> [Provided data]:

'''

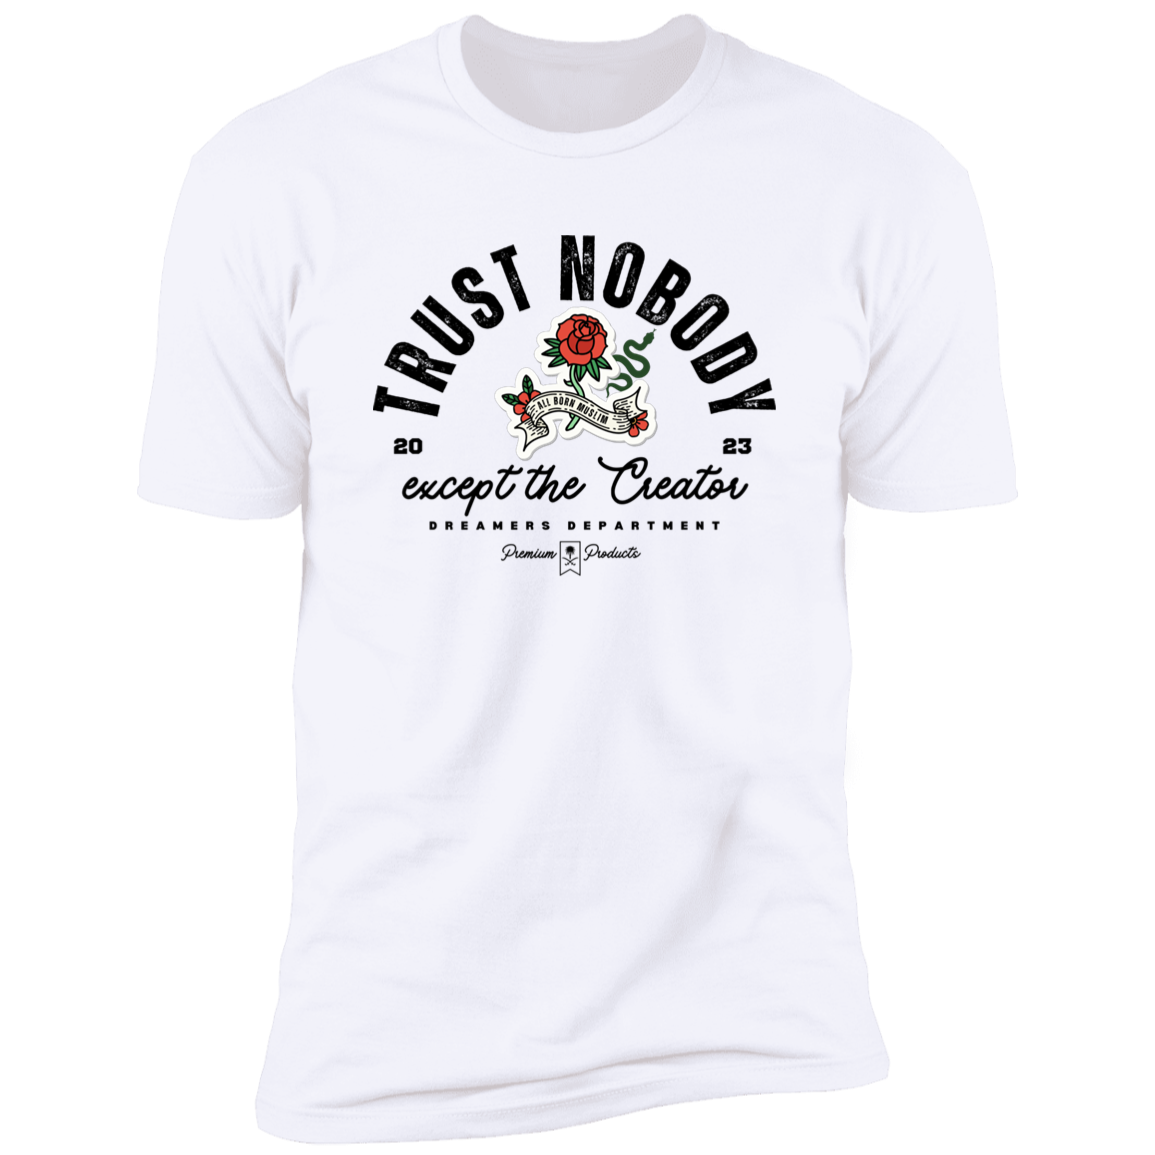 Trust Nobody Except the Creator Islamic T-shirt
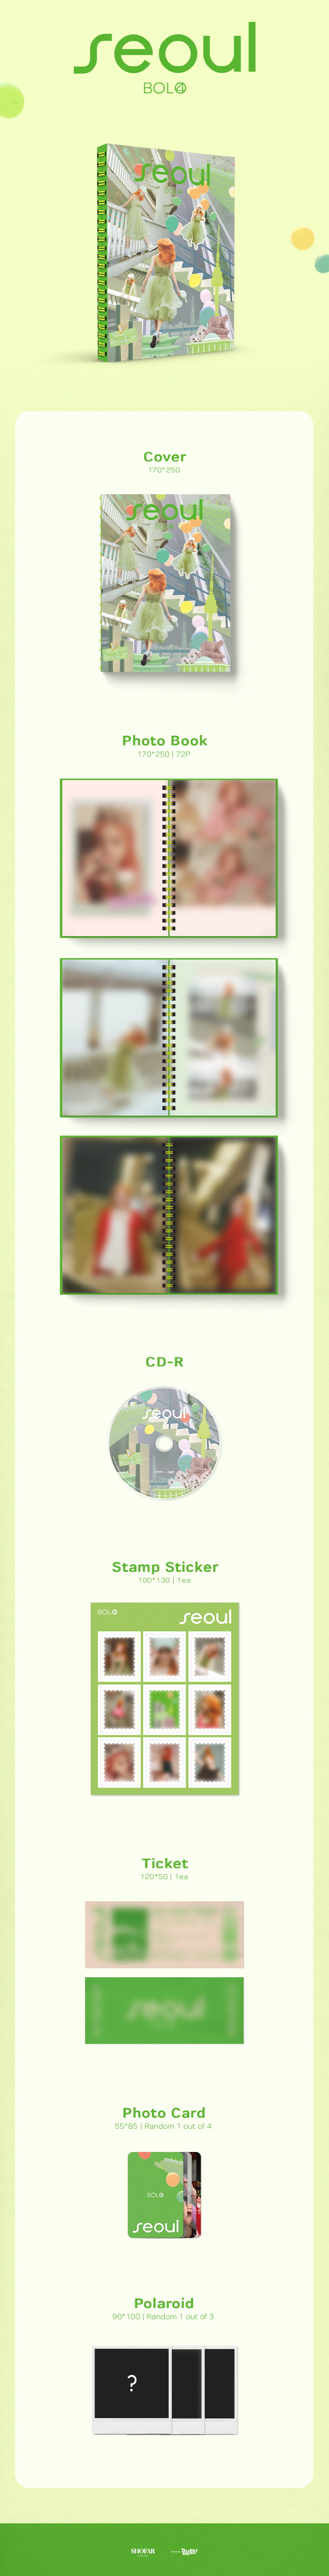 BOL4 - MINI ALBUM [Seoul] album seoul bolbbalgan4 minialbum cd BOL4 BOL4album BOL4cd BOL4SEOUL BOL4MINIALBUM
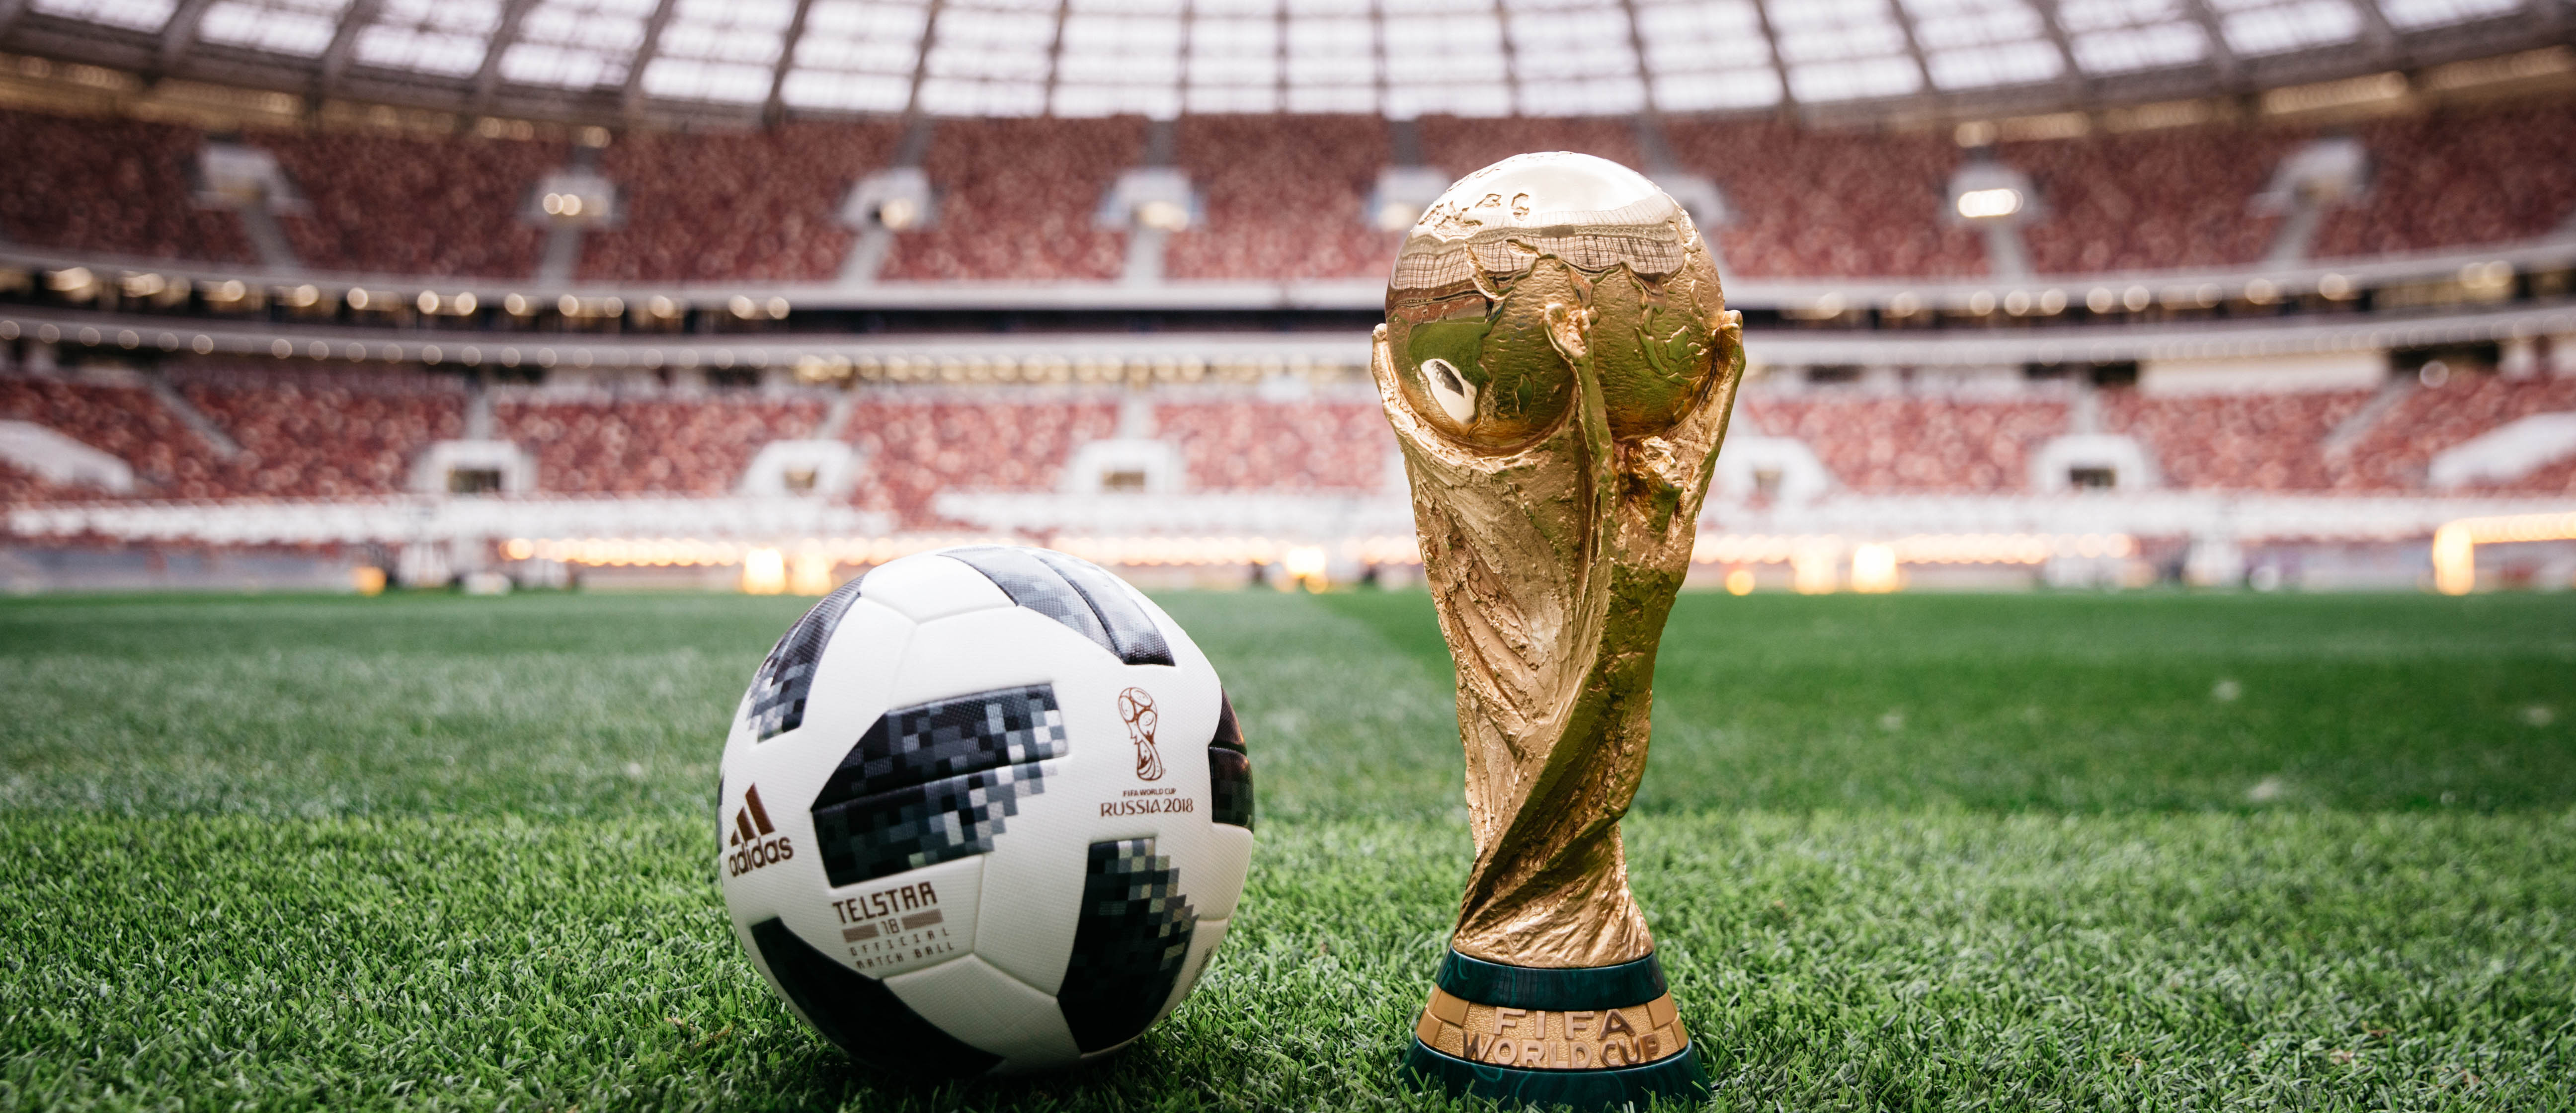 Enfermedad monigote de nieve Deportes adidas releases official ball of 2018 FIFA World Cup | MLSSoccer.com

'''

> [Prompt]:
Return every line of the data above exactly, and omit all pictures.

> [Result of this exercise]:
 Trust Nobody Except the Creator Islamic T-shirt
 BOL4 - MINI ALBUM [Seoul] album seoul bolbbalgan4 minialbum cd BOL4 BOL4album BOL4cd BOL4SEOUL BOL4MINIALBUM
 Enfermedad monigote de nieve Deportes adidas releases official ball of 2018 FIFA World Cup | MLSSoccer.com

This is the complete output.